But what happened next mattered even more. After an investigation, it turned out that the noose had in fact been in that stall since October of last year, which led some NASCAR fans (and, needless to say, Trump supporters) to believe that the controversy was ginned up by an overeager Wallace staffer, or even Wallace himself. But NASCAR once again did not waver: It announced its full investigation, released a photo of the noose (which was absolutely, 100 percent a noose, and not one that appeared in any other driver’s stall, according to the NASCAR investigation) and quoted its president Steve Phelps saying, “Bubba Wallace and the 43 team had nothing to do with this. Bubba Wallace has done nothing but represent this sport with courage, class and dignity. It is offensive seeing anyone suggest otherwise.” One NASCAR official told The Wall Street Journal, “We certainly know the difference between a simple hand loop and a noose.”
In other words, NASCAR not only didn’t feel Wallace (who, again, never saw the noose in the first place) owed them an apology, it never took issue with the initial story. NASCAR — an institution whose then-CEO publicly backed Trump in 2016 — has clearly drawn its line in the sand: It supports Wallace, the Black Lives Matter movement, and getting rid of the Confederate flag. It quickly rallied to Wallace’s defense after Trump’s tweet, too. The best-selling merchandise in Nascar.com’s shop right now is Wallace gear, with the #blacklivesmatter hashtag in huge letters right across the front. (Even larger than the sponsors’ logos!) NASCAR, in this moment, is notching some of its biggest television ratings in years. Wallace is the best thing they have going right now. Wallace isn’t standing against his league’s wishes and values: He’s representing them.
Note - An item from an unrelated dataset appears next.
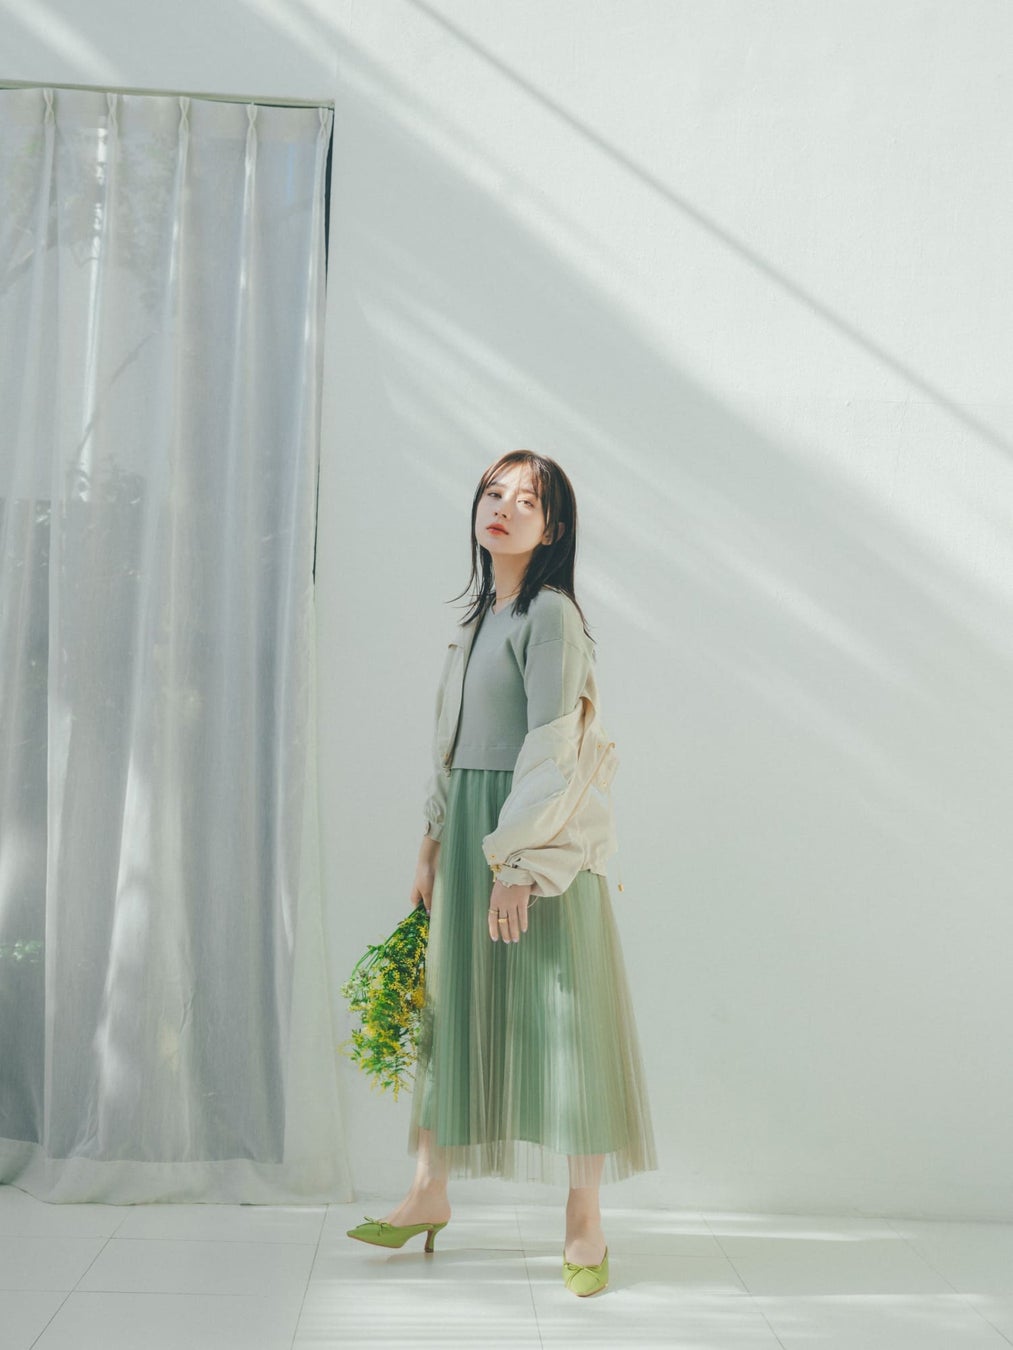 小柄女性向けブランド「COHINA」が、女優の畑芽育を起用した2024 Spring Collectionを発表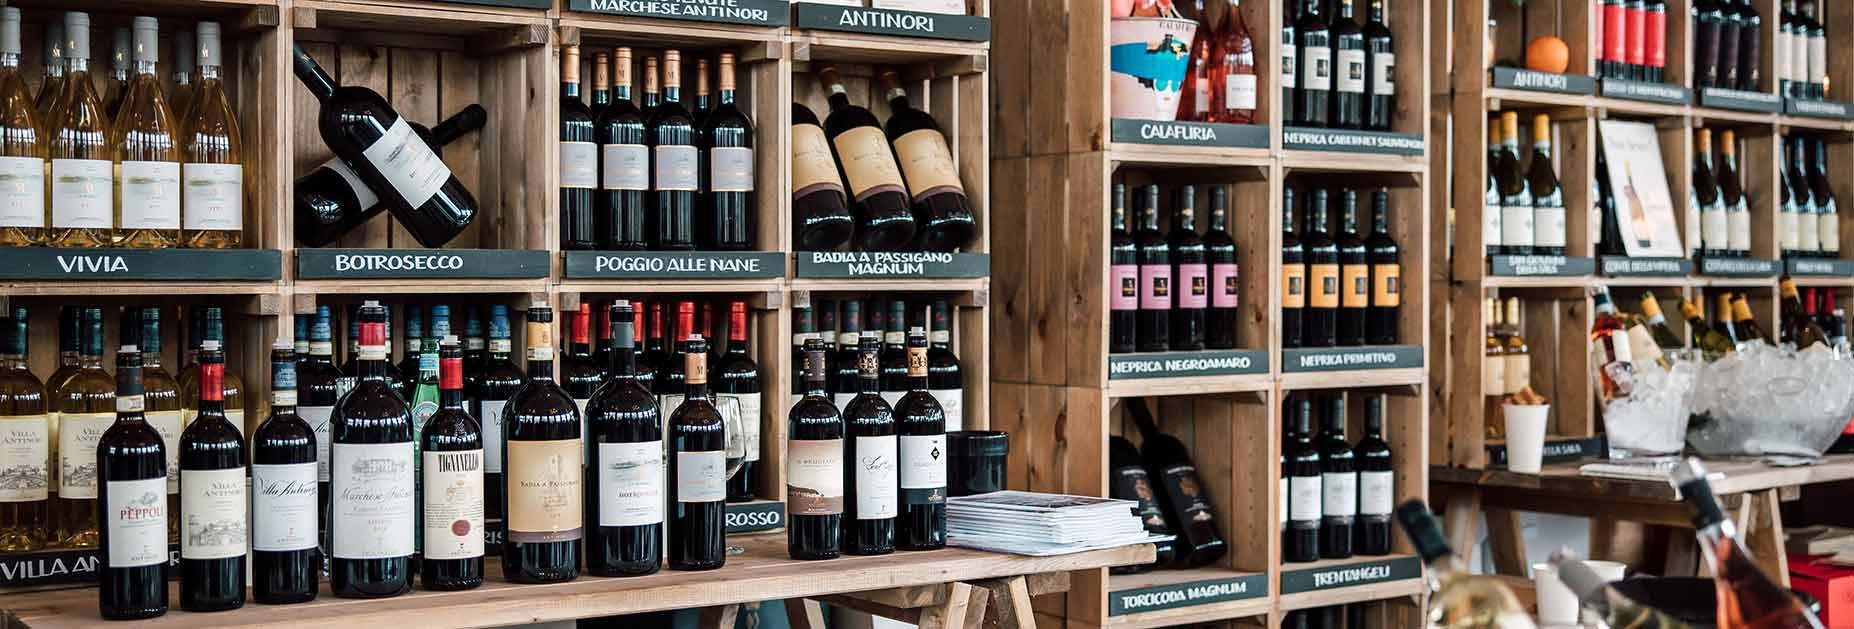 Verschiedene Flaschenformen der Weingüter Antinori in Italien

That Trump does not realize this — that he thinks Wallace can in fact be his new Kaepernick — shows how truly lost he is right now, how little skill he apparently has to read a room anymore. If Trump is trying to use Wallace as another bit of ammo in his culture war, he will be doing it with a rapidly dwindling army of supporters. While a (declining, but real) majority of NASCAR fans are against banning the Confederate flag from events — though younger fans are mostly in support of the ban — Wallace himself remains beloved by NASCAR executives, drivers, and fans. There is a loud, vocal minority of NASCAR fans who yell “Hoax!” at Wallace online, something Wallace has admitted “pisses him off.” But the idea that the noose was part of some Jussie Smollett–style setup existed only in the fever dreams of conspiracists, or racists, or both. You know: people like Trump.
There is nowhere for Trump to go with this. NASCAR doesn’t believe the noose was a hoax; the FBI doesn’t think it was a hoax; the vast majority of the sport’s fans don’t think it was a hoax. (It wasn’t a hoax.) The president is talking to no one but himself. It is one thing for Roger Goodell to no longer need to kowtow to Trump. It is quite another for NASCAR to follow suit. Trump isn’t just wrong about Bubba Wallace; he’s wrong about the viewpoints of wide swathes of people who used to be his supporters. The president is now looking at a sports organization whose founder ran George Wallace’s presidential campaign — and which is now far more enlightened than he is on race. If there’s anything positive to come out of this whole sorry episode, it’s that Trump has only hastened that divide.